### Your objective:
Whatever lies between the line with "Il s'agit de" and the end of the data, both included, must be copied exactly and without pictures.

### Stored data:
----

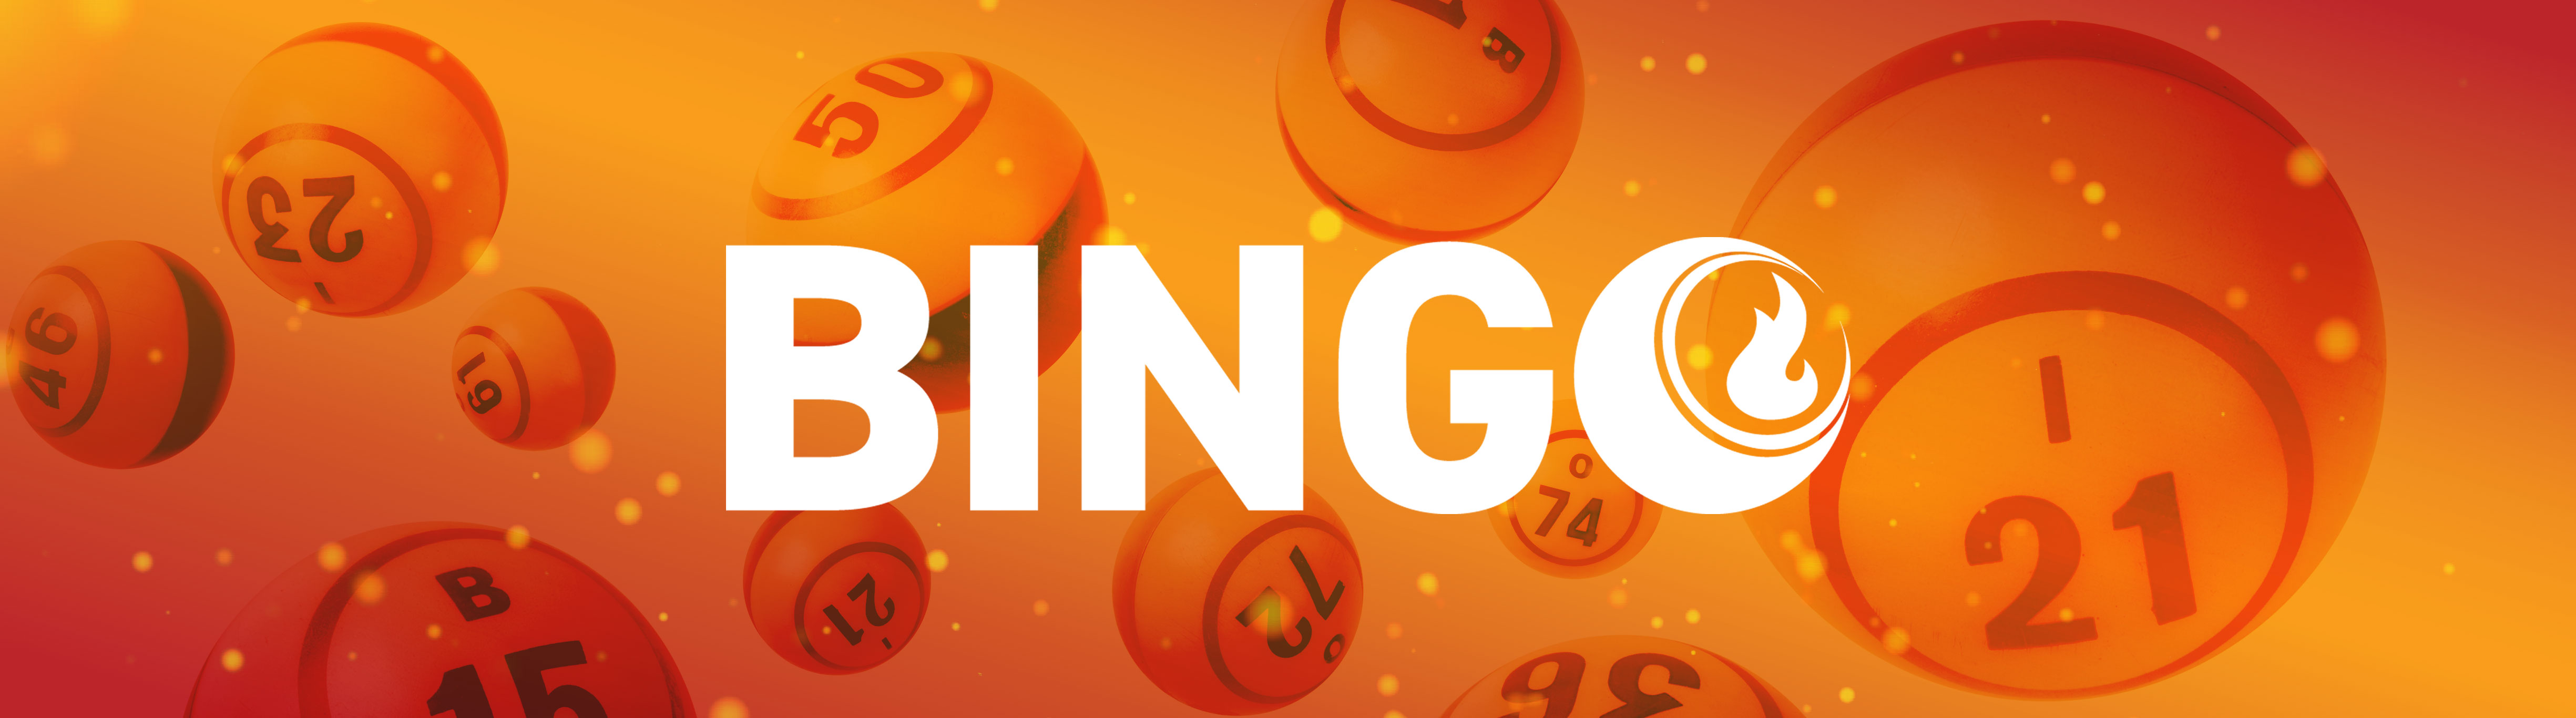 potawatomi casino bingo
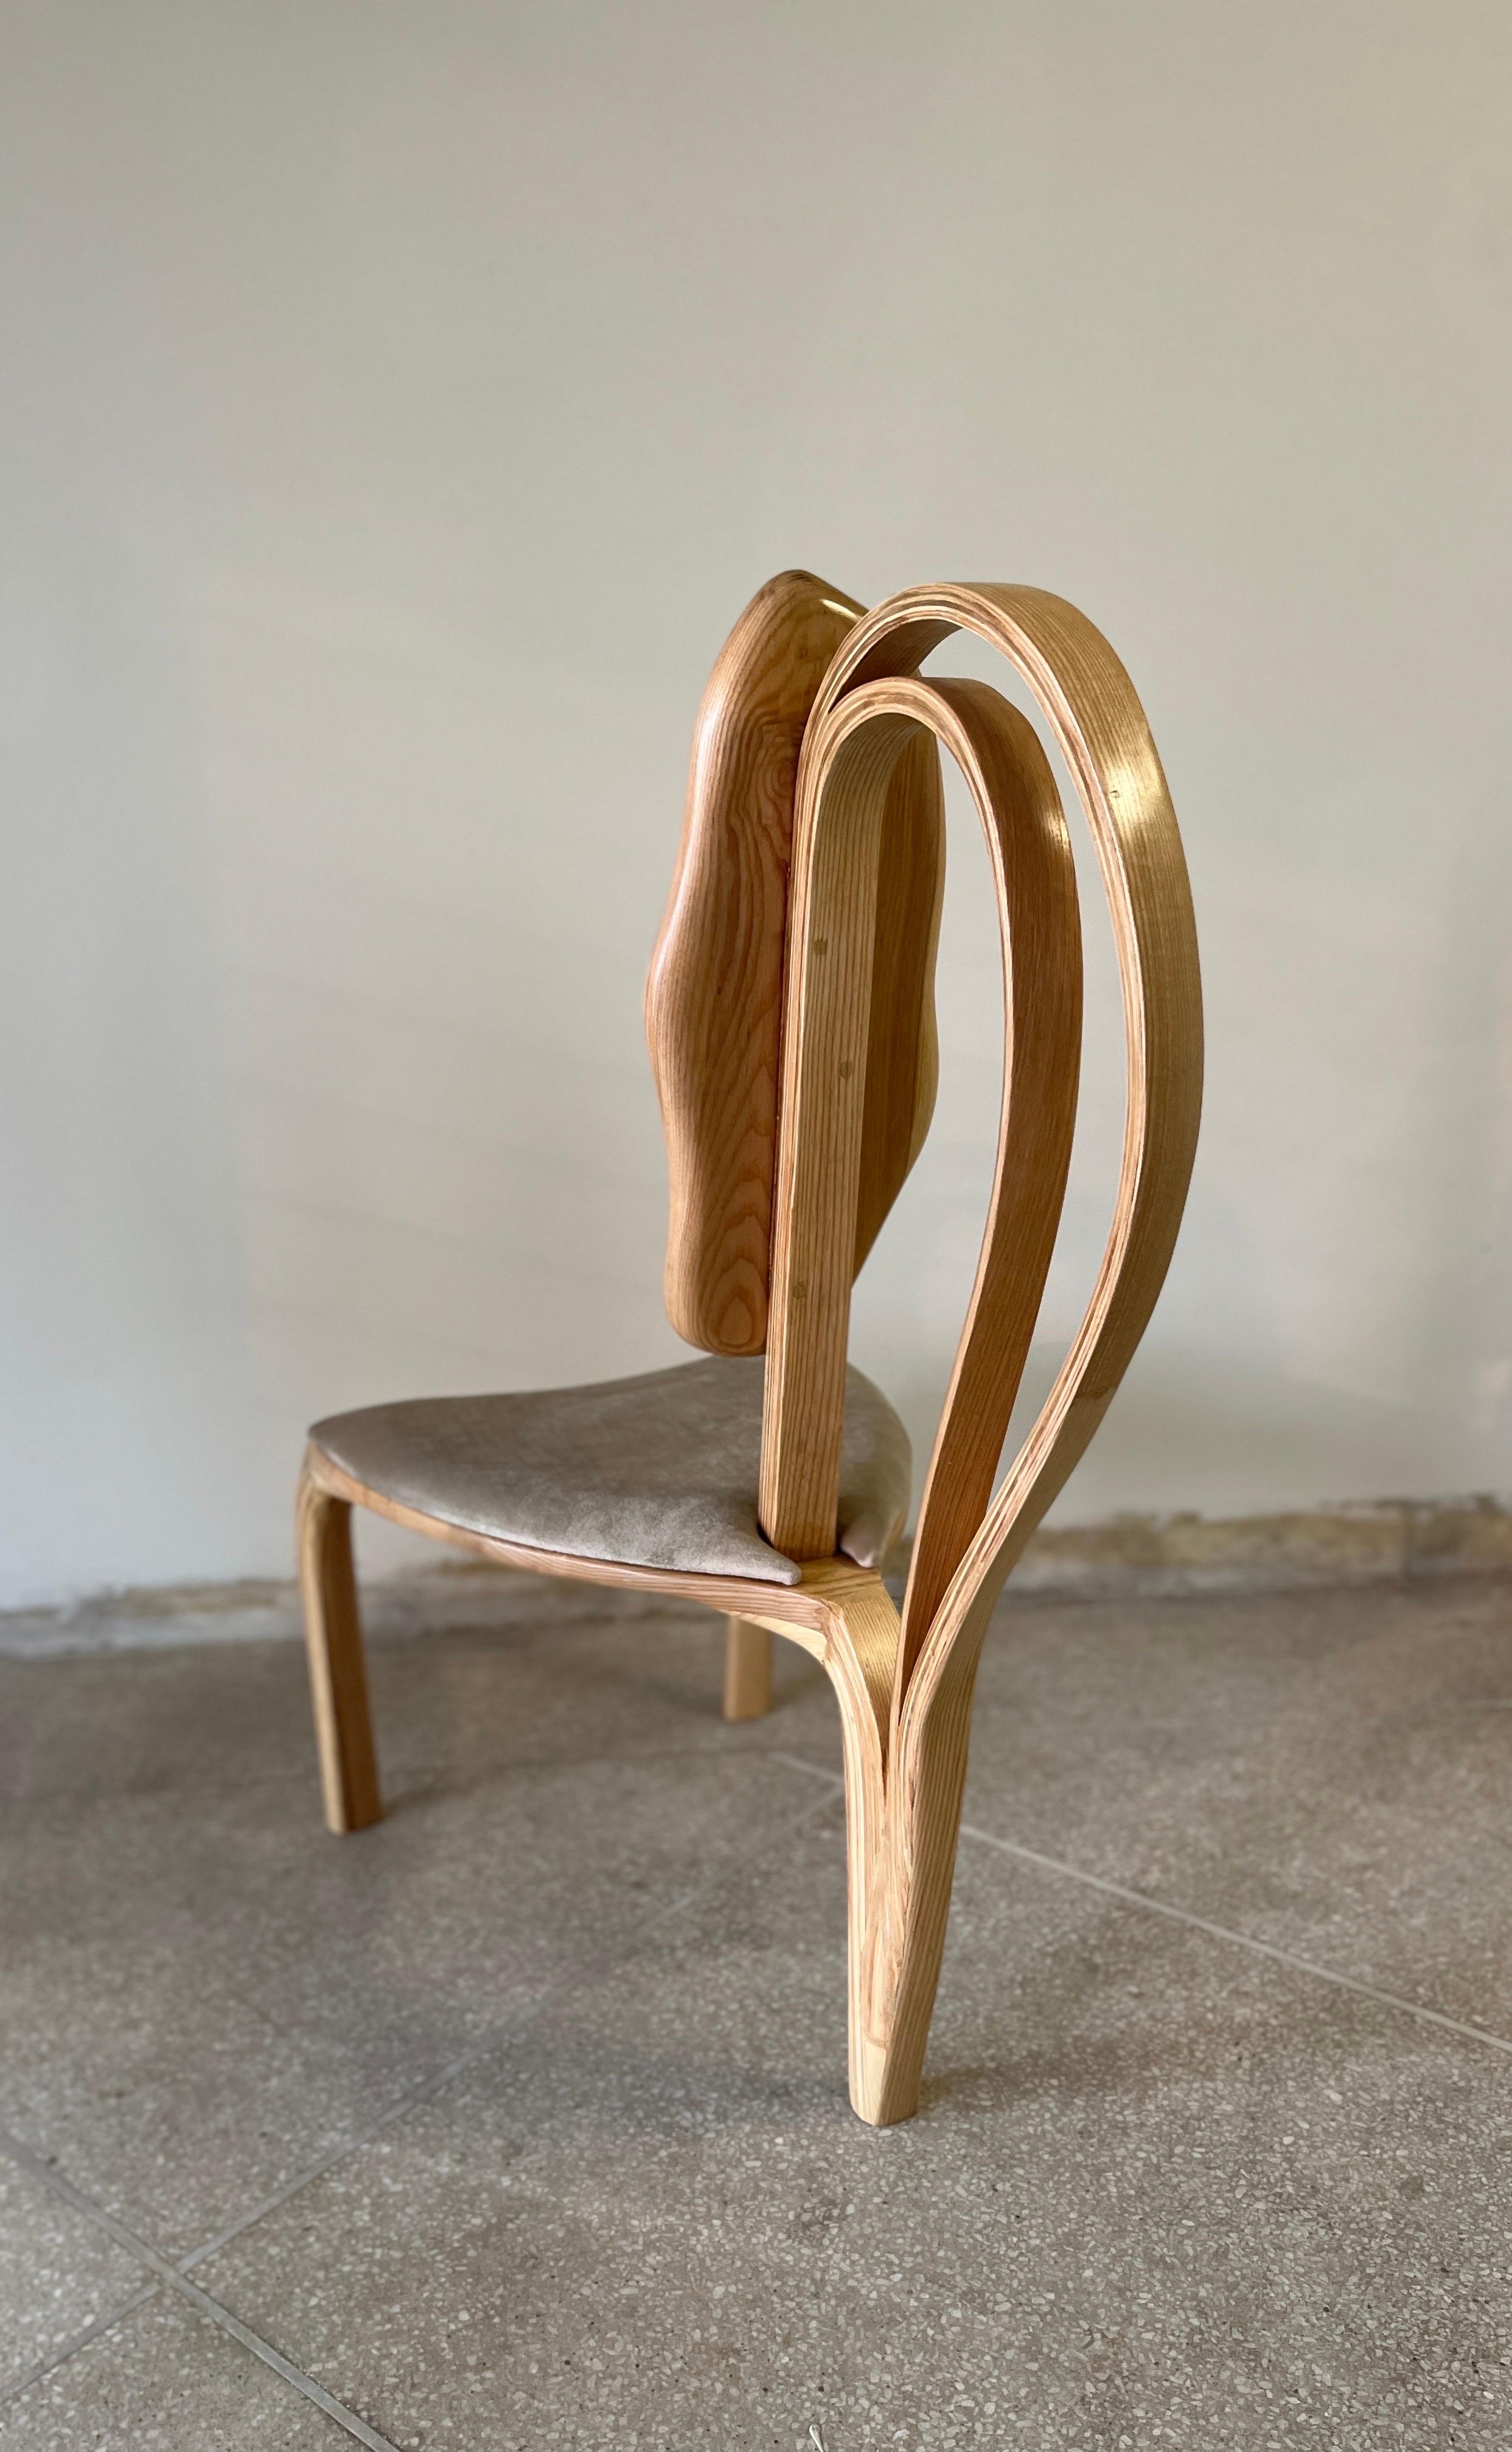 Il s'agit de la chaise de salle à manger n° 1 de la série d'œuvres Fluentum. 

La chaise de salle à manger n° 1  a un design de forme libre ; le bois se plie et se courbe avec de belles coulées pour créer le design. Les détails artisanaux de la

----

### Result for this task:
 Il s'agit de la chaise de salle à manger n° 1 de la série d'œuvres Fluentum. 

La chaise de salle à manger n° 1  a un design de forme libre ; le bois se plie et se courbe avec de belles coulées pour créer le design. Les détails artisanaux de la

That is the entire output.